*Stored data:*
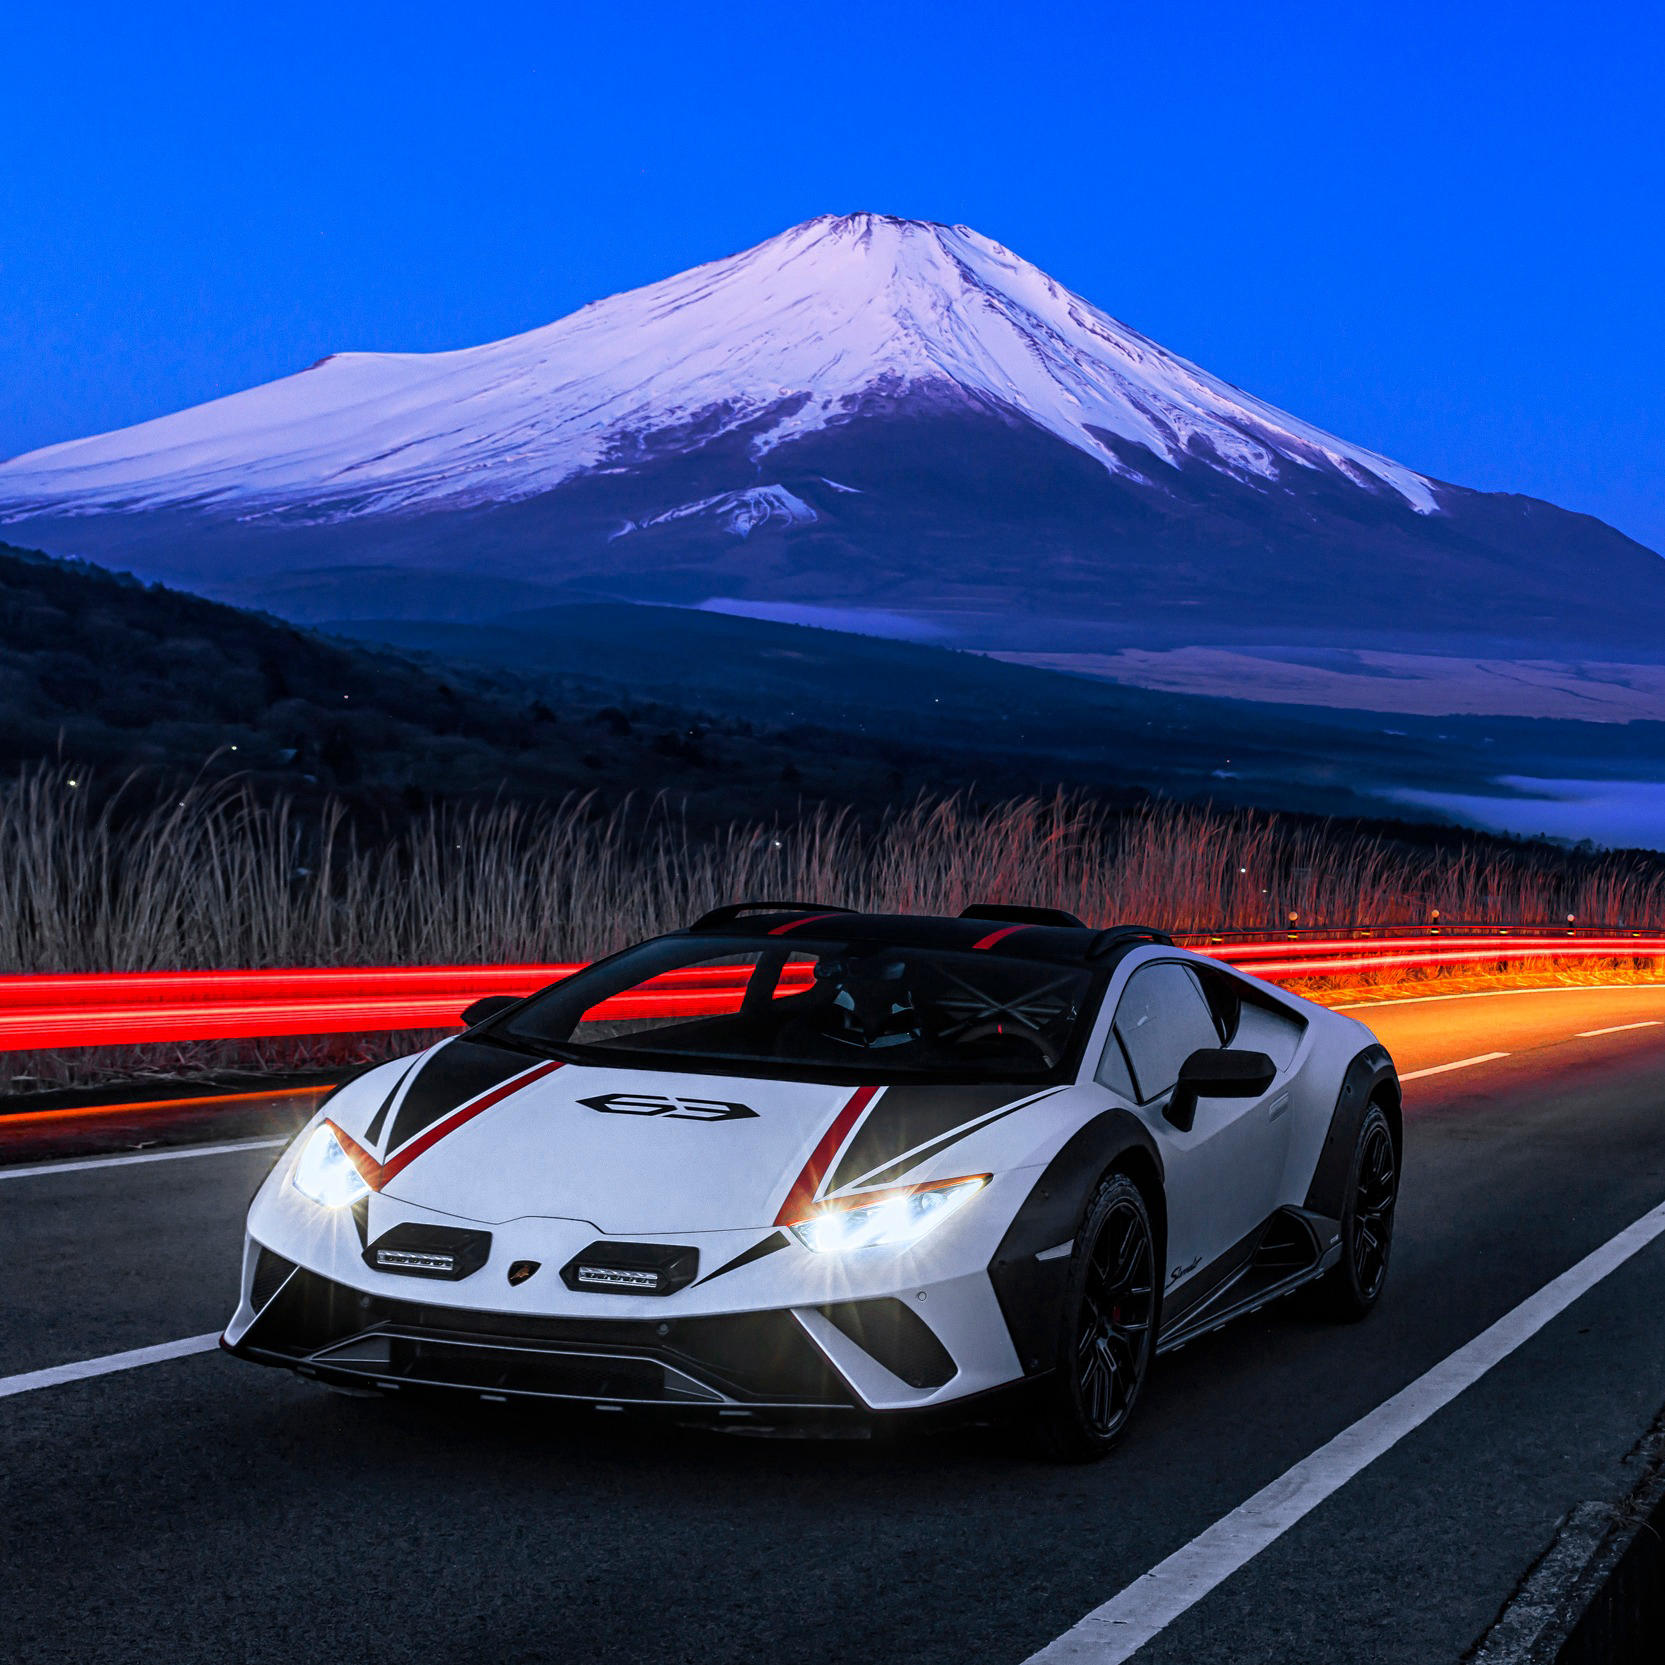 image  1 Whatever the destination, Huracán Sterrato will take you there with all its grit
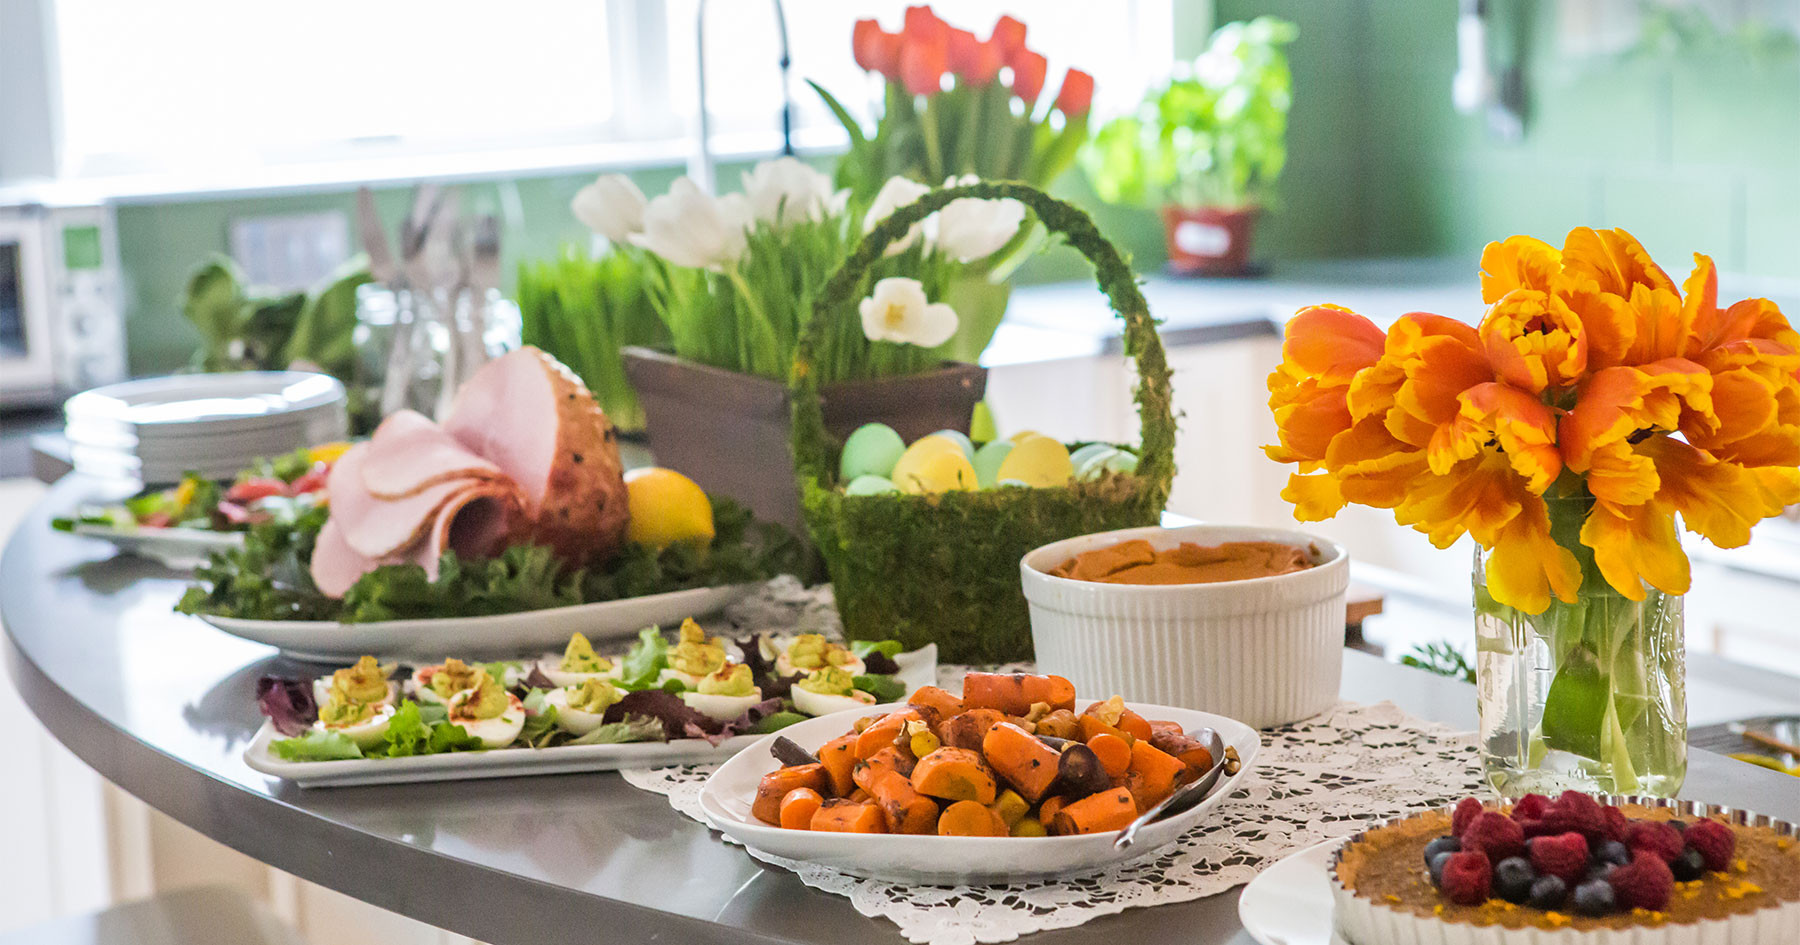 Easter Dinner Catering
 Chains jockey for heat and eat Easter sales

*Task to complete:* Pictures are to be left out; all other data must be returned exactly.

*Final answer:*
 image  1 Whatever the destination, Huracán Sterrato will take you there with all its grit
 Easter Dinner Catering
 Chains jockey for heat and eat Easter sales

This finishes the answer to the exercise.